Harry Block, New York City, for appellant.
Roemer, Wallen Mineaux (Valerie Jetkiewicz of counsel), Albany, for respondent.
Before: MERCURE, J.P., CREW III, SPAIN, CARPINELLO and GRAFFEO, JJ.
MEMORANDUM AND ORDER
Plaintiff, a New York corporation licensed to do business as an insurance broker, commenced this action in Saratoga County to recover insurance premiums allegedly owed by defendant. Defendant promptly demanded that venue be changed to Queens County, where its principal office is located. Plaintiff responded with an affidavit alleging that its principal place of business is in Saratoga County, that being the address indicated on their insurance license. After an inquiry to the Secretary of State revealed that plaintiff's certificate of incorporation designated Albany County as the location of plaintiff's office, defendant moved to change venue to Queens County. Supreme Court denied the motion and defendant appeals.
Venue is properly set in a county in which a party resides (see, CPLR 503 [a]) and, pursuant to CPLR 503 (c), a corporation is deemed a resident of the county in which its principal office is located. The other Appellate Divisions have held that, for the purposes of CPLR 503 (c), the location of a corporation's principal office is determined solely by the designation in its certificate of incorporation (see, Panco Dev. Corp. v. Platek, 262 A.D.2d 292; Cintas Corp. v. Ralph Pontiac-Honda, 256 A.D.2d 1094; Conway v. Gateway Assocs., 166 A.D.2d 388).
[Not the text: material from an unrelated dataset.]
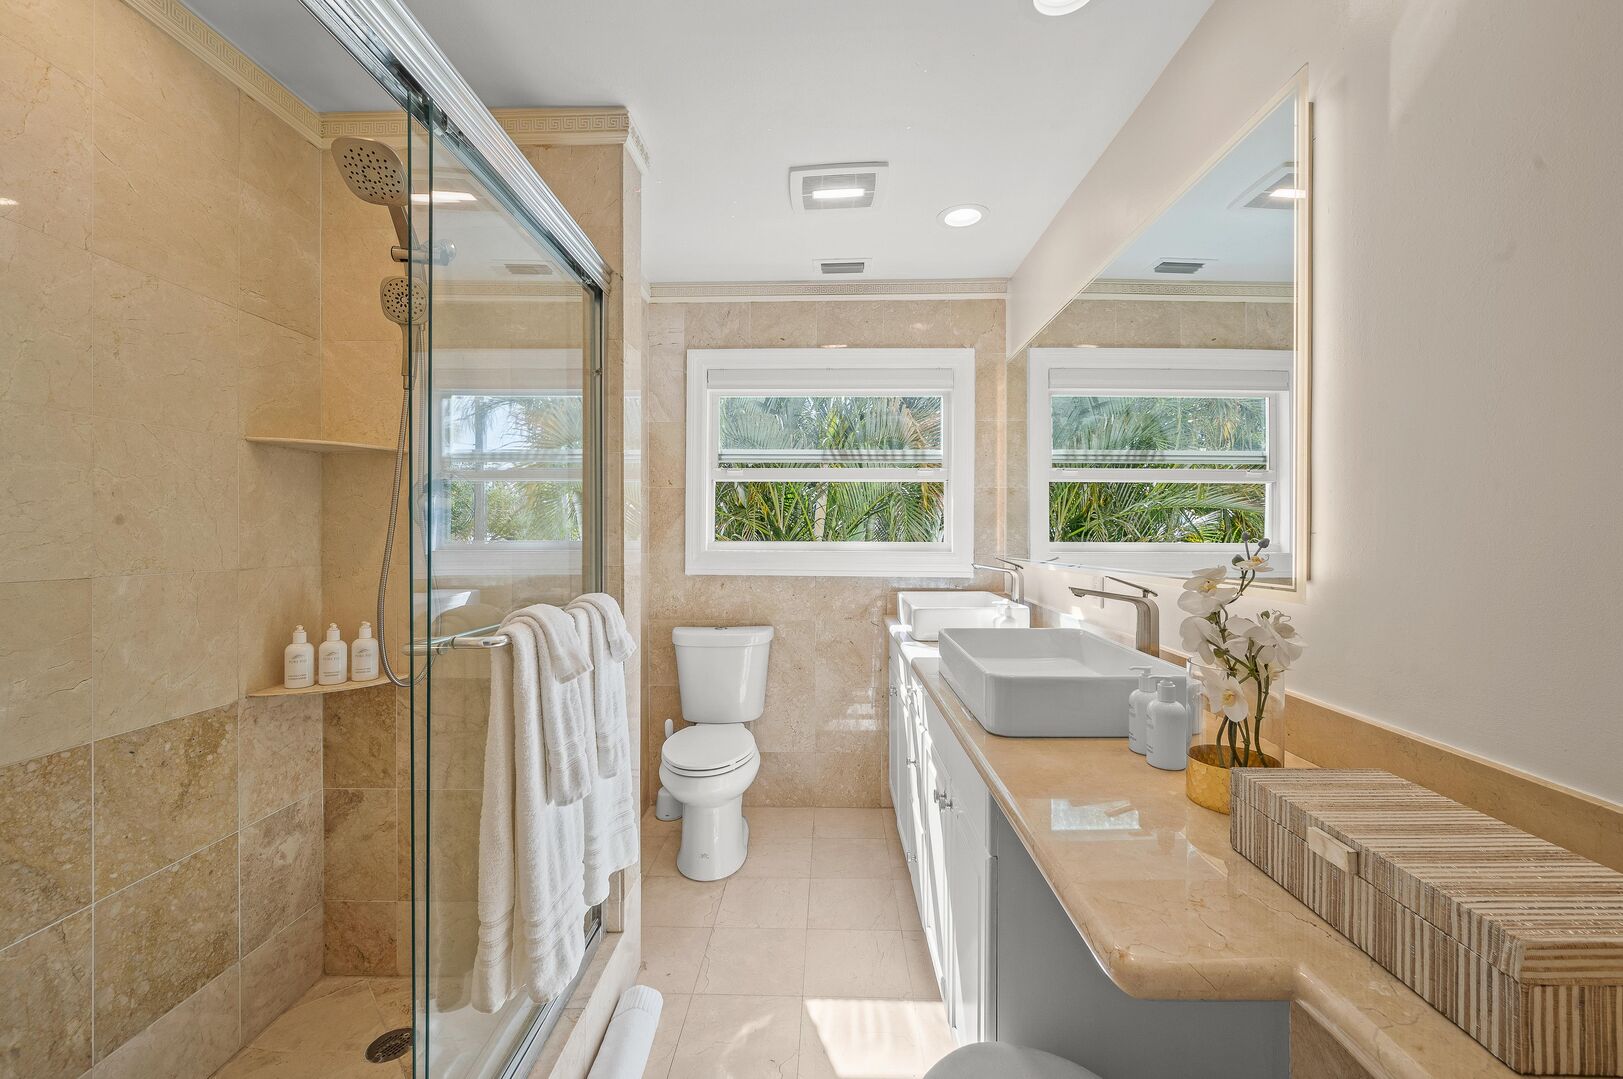 The upstairs bathroom features a walk in shower, double vanity and spa like amenities.

We see no reason not to follow that rule.
Although there are exceptions to the rule (see, Matter of Dyckman [Meysar Realty Corp.], 169 A.D.2d 391; Weiss v. Saks Fifth Ave., 157 A.D.2d 475; see also, Yonkers Raceway v. National Union Fire Ins. Co. Pittsburgh, Pa., 6 N.Y.2d 756), none are applicable here. We disagree with plaintiff's claim that its Saratoga County address, as recited in its insurance broker's license, is the legal equivalent of a designated principal office (compare, Weiss v. Saks Fifth Ave., supra).
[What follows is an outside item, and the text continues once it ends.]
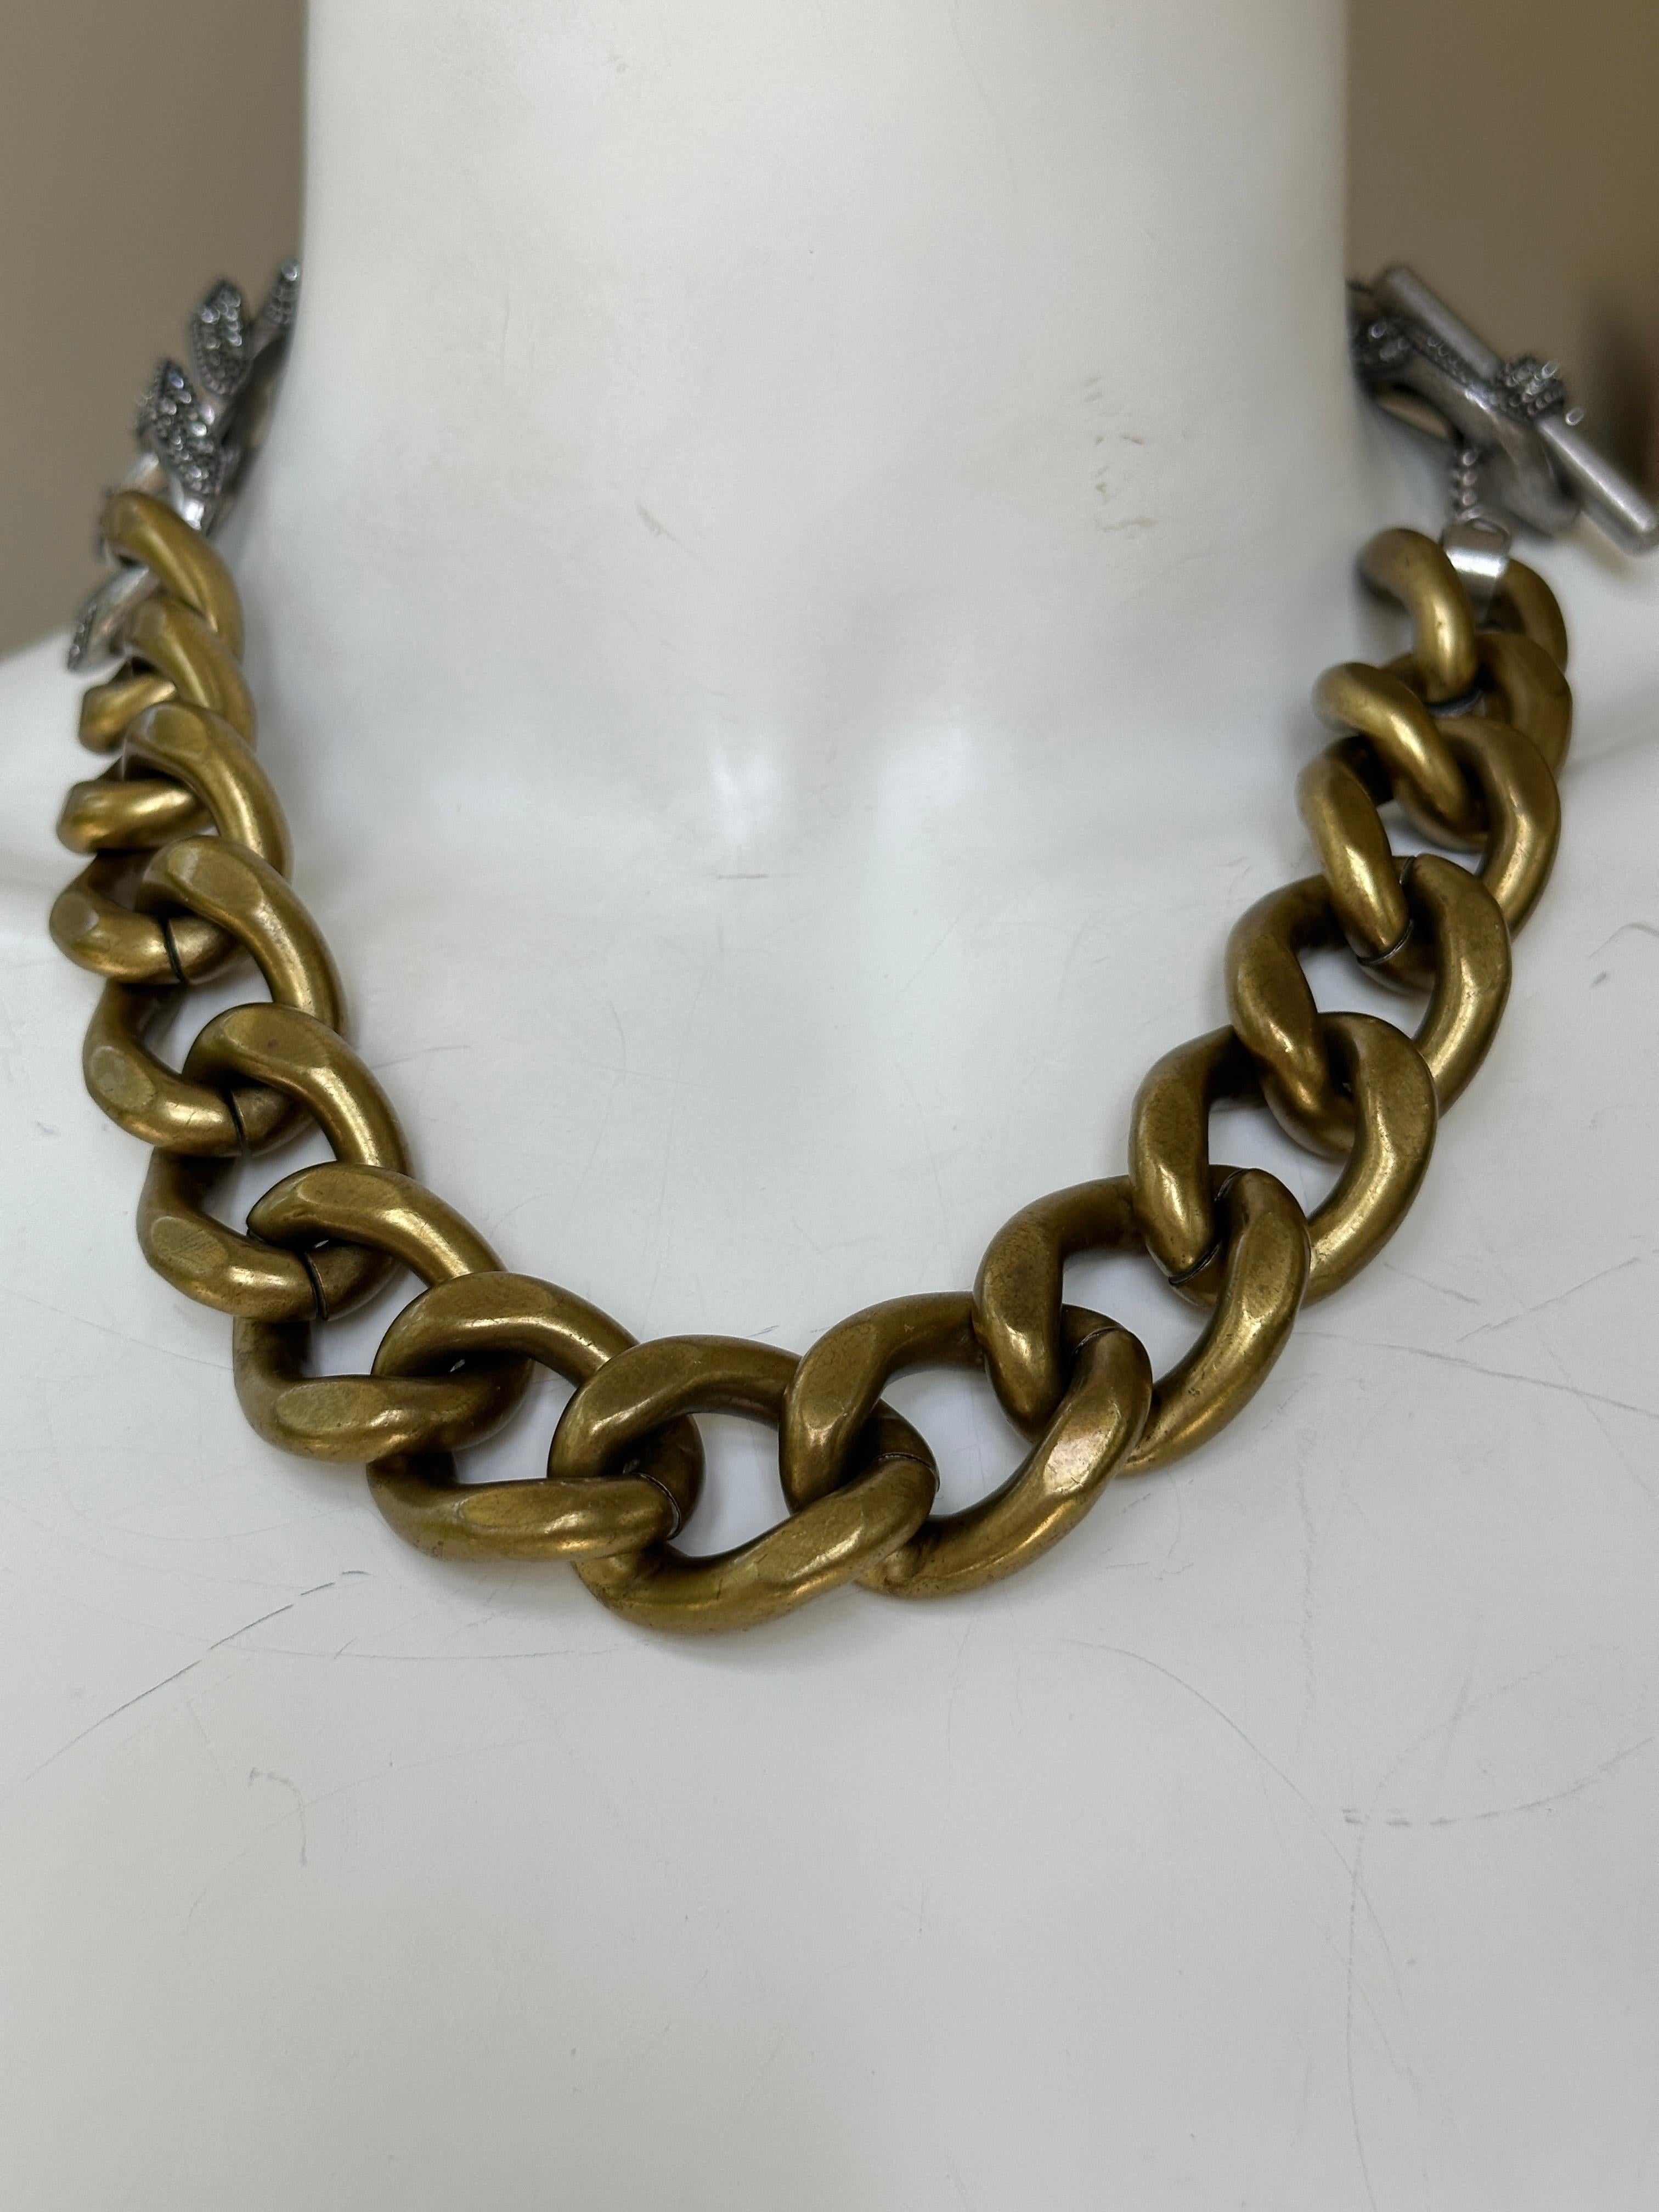 Lanvin by Alber Elbaz Chunky Two Tone Chain Necklace with Crystal Details In Excellent Condition For Sale In Cloverdale, CA

Having selected an improper county for venue in the first instance, plaintiff forfeited its right to designate the place of trial (see, Cintas Corp. v. Ralph Pontiac-Buick, supra; Cottone v. Real Estate Indus., 246 A.D.2d 572). Inasmuch as defendant sought to change venue to a proper county, its motion should have been granted.
Mercure, J.P., Crew III, Spain and Graffeo, JJ., concur.
ORDERED that the order is reversed, on the law, with costs, and motion granted.